I want to build a system that can keep a running tab of my purchases by item, price, and store. I need to find a library that can effectively scan a receipt, recognize the store (usually name, number, address and logo at the top), and differentiate each item label and its price. I plan to manually tag each item label from a store's receipt with the item's barcode the first time it is seen.
I have been sporadically googling the past 6 months but am still unsure which OCR library(s) I should invest my time in. Or how low level I should start. Should I grab a library like tesseract and do my own feature extraction or libs that spit out semi-structured objects with text and hope it returns something similar enough across store receipts to make sense of consistently?

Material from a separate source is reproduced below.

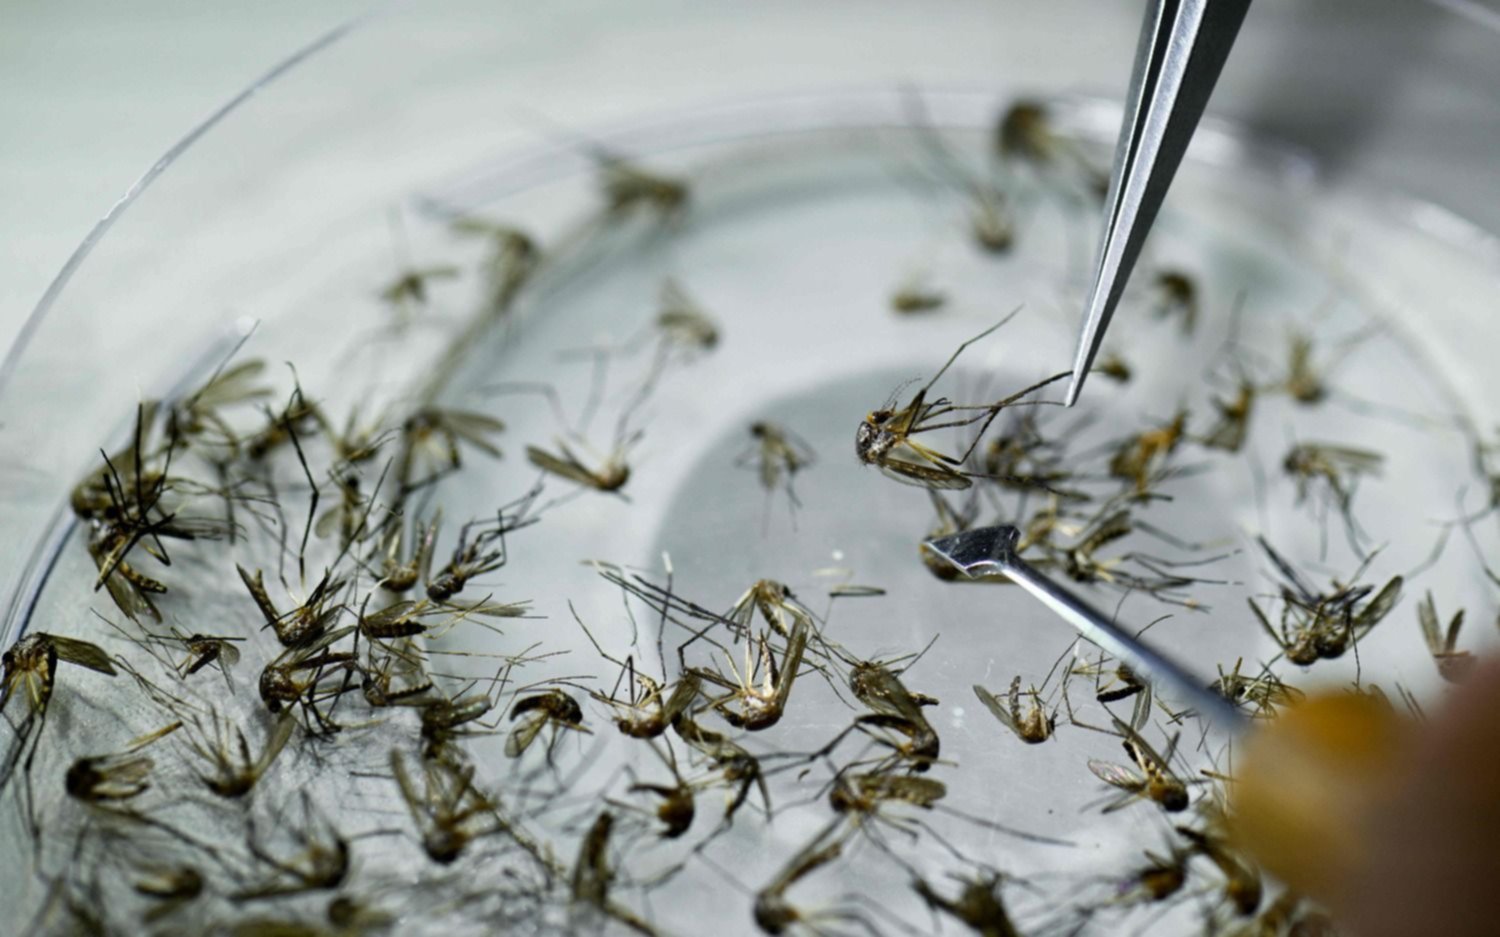 Alerta dengue: el mosquito sobrevive bajo el agua, según estudio del Conicet
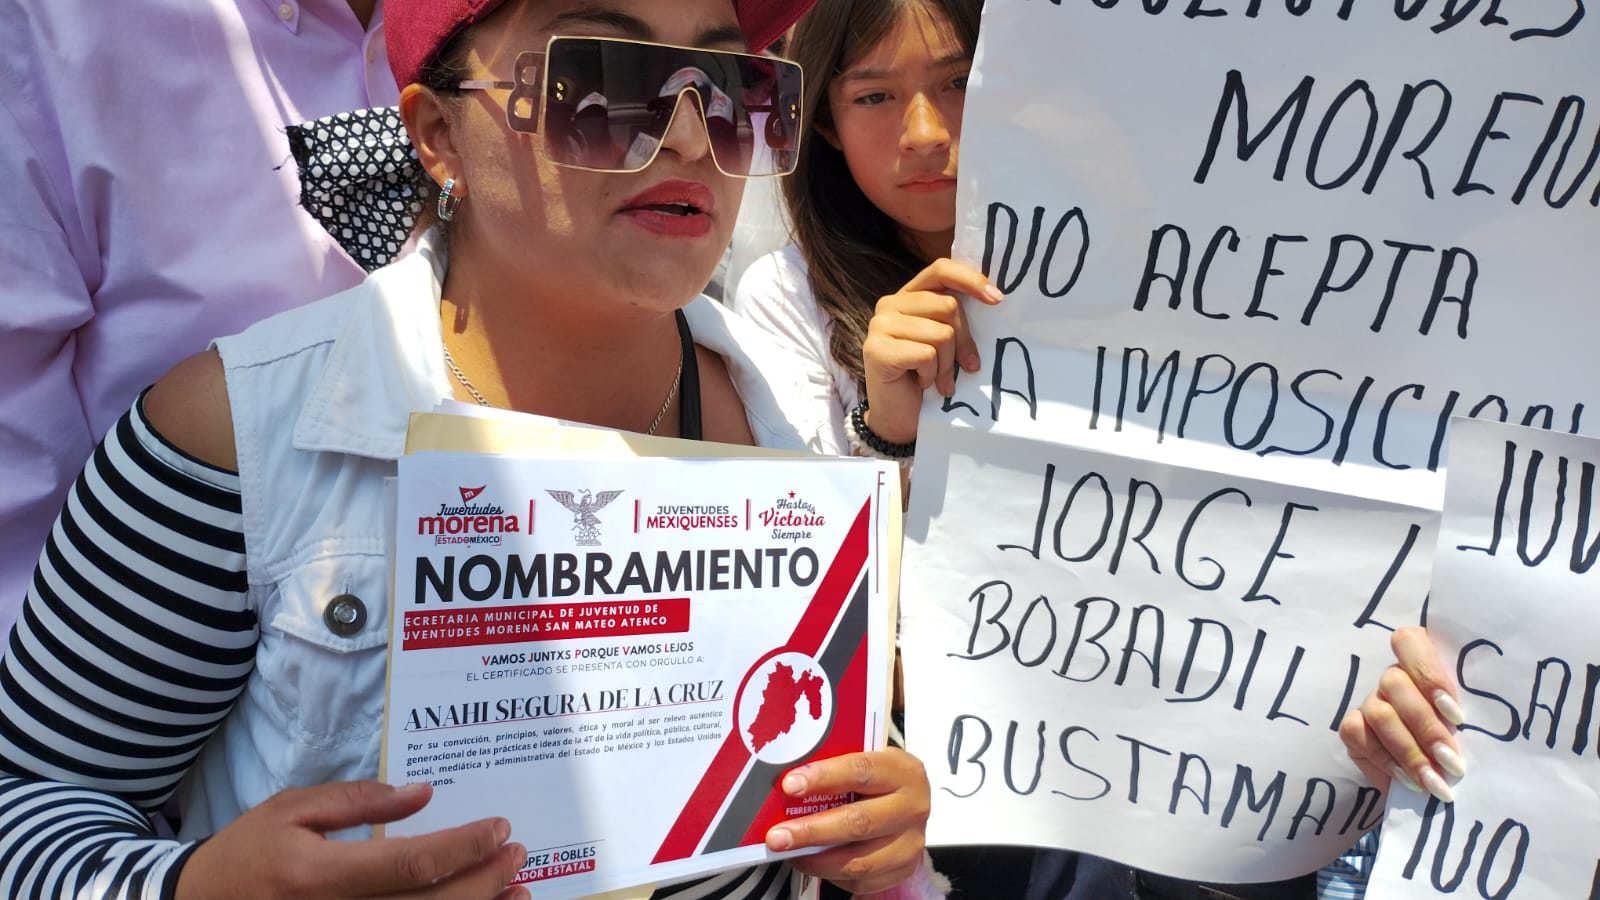  «NO QUEREMOS IMPOSICIONES»: MORENISTAS DE SAN MATEO ATENCO

I'm ok with this being an extended project, but I would like some input on choosing a solid library with accurate OCR and advice on how to approach training/parsing from someone with more experience.
Other solutions and advice are also welcome++
In my Opinion Tesseract is the most sophisticated "free" OCR solution out there. The problem with Tesseract is not its recognition capabilities, but more the preprocessing steps.
- thresholding
- deskewing
- segmentation
- ...
There is a C# library (non-free), that improves recognition A LOT, just by providing these abilities: https://www.vintasoft.com/vsocr-dotnet-index.htmlIf you find a good Open Source solution, I would be interested, too...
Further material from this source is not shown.